Hi, I am new to pytorch and I am practicing the sequence to sequence model according to the official tutorial provided by pytorch. Everything worked fine when I run the original tutorial. But when I used my own way to preprocess data but remained the encoder and decoder and training procedure the same, my colab always crashes due to the RAM overflow no matter how I cut the size of hidden units or reducing training examples (and I believe the training examples cannot be the issue since they are small enough compared to a usual one). I just have no idea about how to debug this, every suggestion or help will be appreciated!

The dataset I used is exactly the same as that in the tutorial, here is a link for the convenience:
https://drive.google.com/file/d/1yE8Wm1drqYm4Ogplsrym499PcTn3ji4j/view?usp=sharing

import torch
import torch.nn as nn
import re;
from nltk import word_tokenize
import nltk
import numpy as np;
from torch import optim
import random
import json
import os
# from classObj import Language, EncoderRNN, DecoderRNN;
import pickle
nltk.download('punkt');
from pylab import *;

device = 'cuda' if torch.cuda.is_available() else 'cpu';

class Language:
    def __init__(self, name):
        self.name = name;
        self.word2idx = {};
        self.idx2word = {0:'<s>', 1:'</s>'};
        self.wordcount = {};
        self.n_words = 2;

    def addSentence(self, sentence):
        for word in sentence:
            if word in self.word2idx:
                self.wordcount[word] += 1;
            else:
                self.word2idx[word] = len(self.idx2word);
                self.idx2word[len(self.idx2word)] = word;
                self.wordcount[word] = 1;
                self.n_words += 1;

class EncoderRNN(nn.Module):
    def __init__(self, input_size, hidden_size):
        super(EncoderRNN, self).__init__()
        self.hidden_size = hidden_size

        self.embedding = nn.Embedding(input_size, hidden_size)
        self.gru = nn.GRU(hidden_size, hidden_size)

    def forward(self, input, hidden):
        embedded = self.embedding(input).view(1, 1, -1)
        output = embedded
        output, hidden = self.gru(output, hidden)
        return output, hidden

    def initHidden(self):
        return torch.zeros(1, 1, self.hidden_size, device=device)

class DecoderRNN(nn.Module):
    def __init__(self, hidden_size, output_size):
        super(DecoderRNN, self).__init__()
        self.hidden_size = hidden_size

        self.embedding = nn.Embedding(output_size, hidden_size)
        self.gru = nn.GRU(hidden_size, hidden_size)
        self.out = nn.Linear(hidden_size, output_size)
        self.softmax = nn.LogSoftmax(dim=1)

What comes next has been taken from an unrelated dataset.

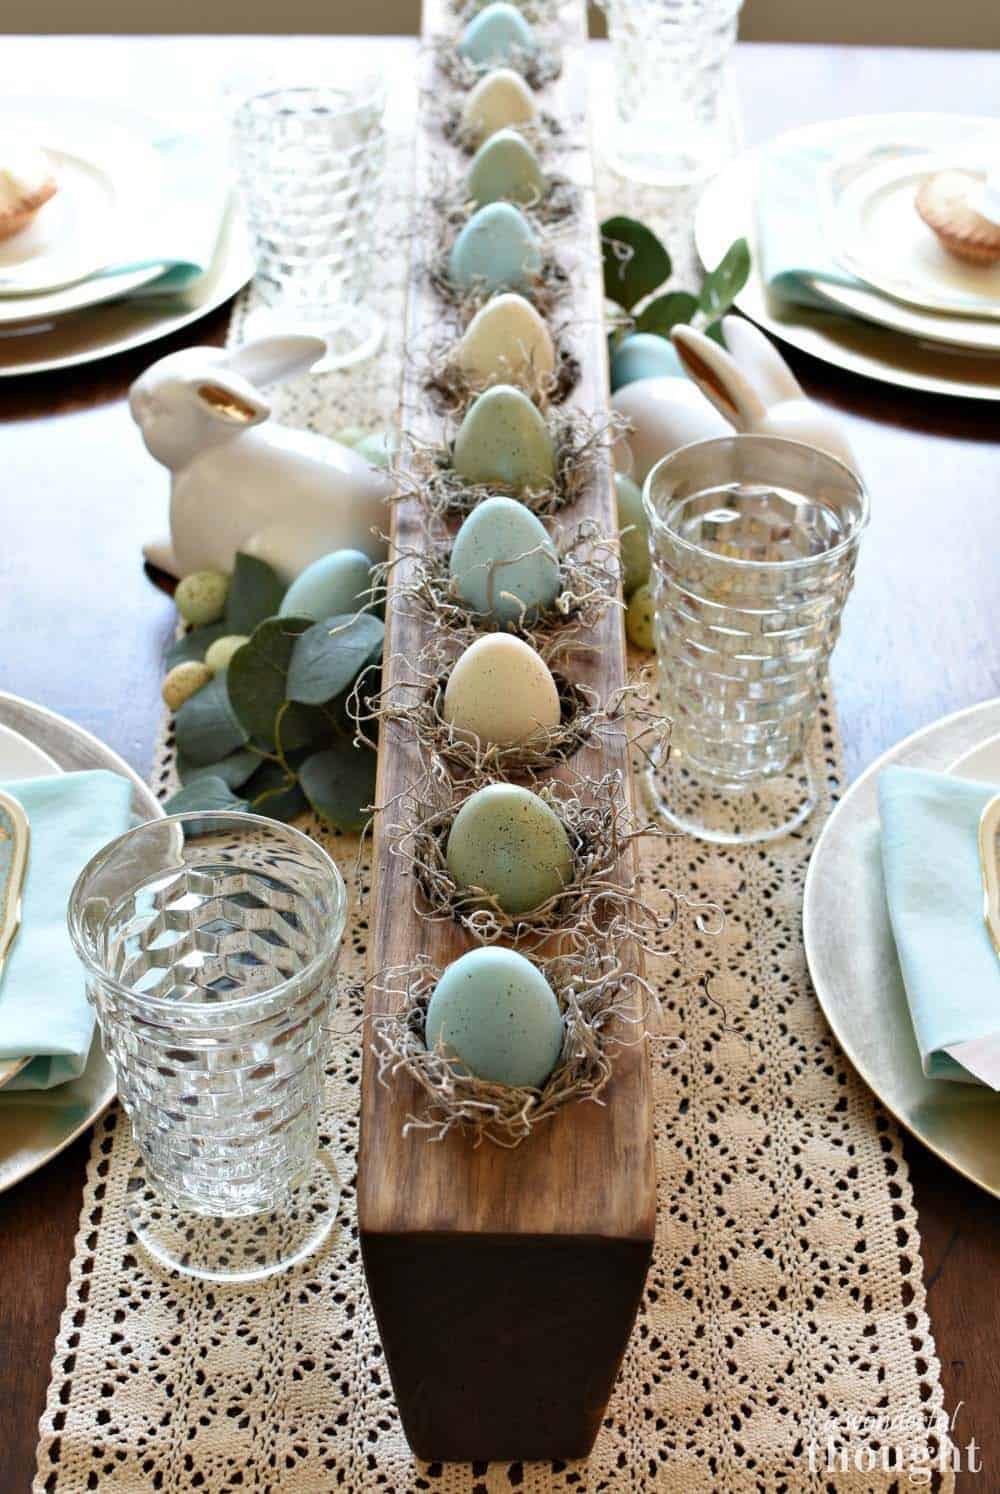 Inspiring Easter Table Centerpiece Ideas

    def forward(self, input, hidden):
        output = self.embedding(input).view(1, 1, -1)
        output = F.relu(output)
        output, hidden = self.gru(output, hidden)
        output = self.softmax(self.out(output[0]))
        return output, hidden

    def initHidden(self):
        return torch.zeros(1, 1, self.hidden_size, device=device)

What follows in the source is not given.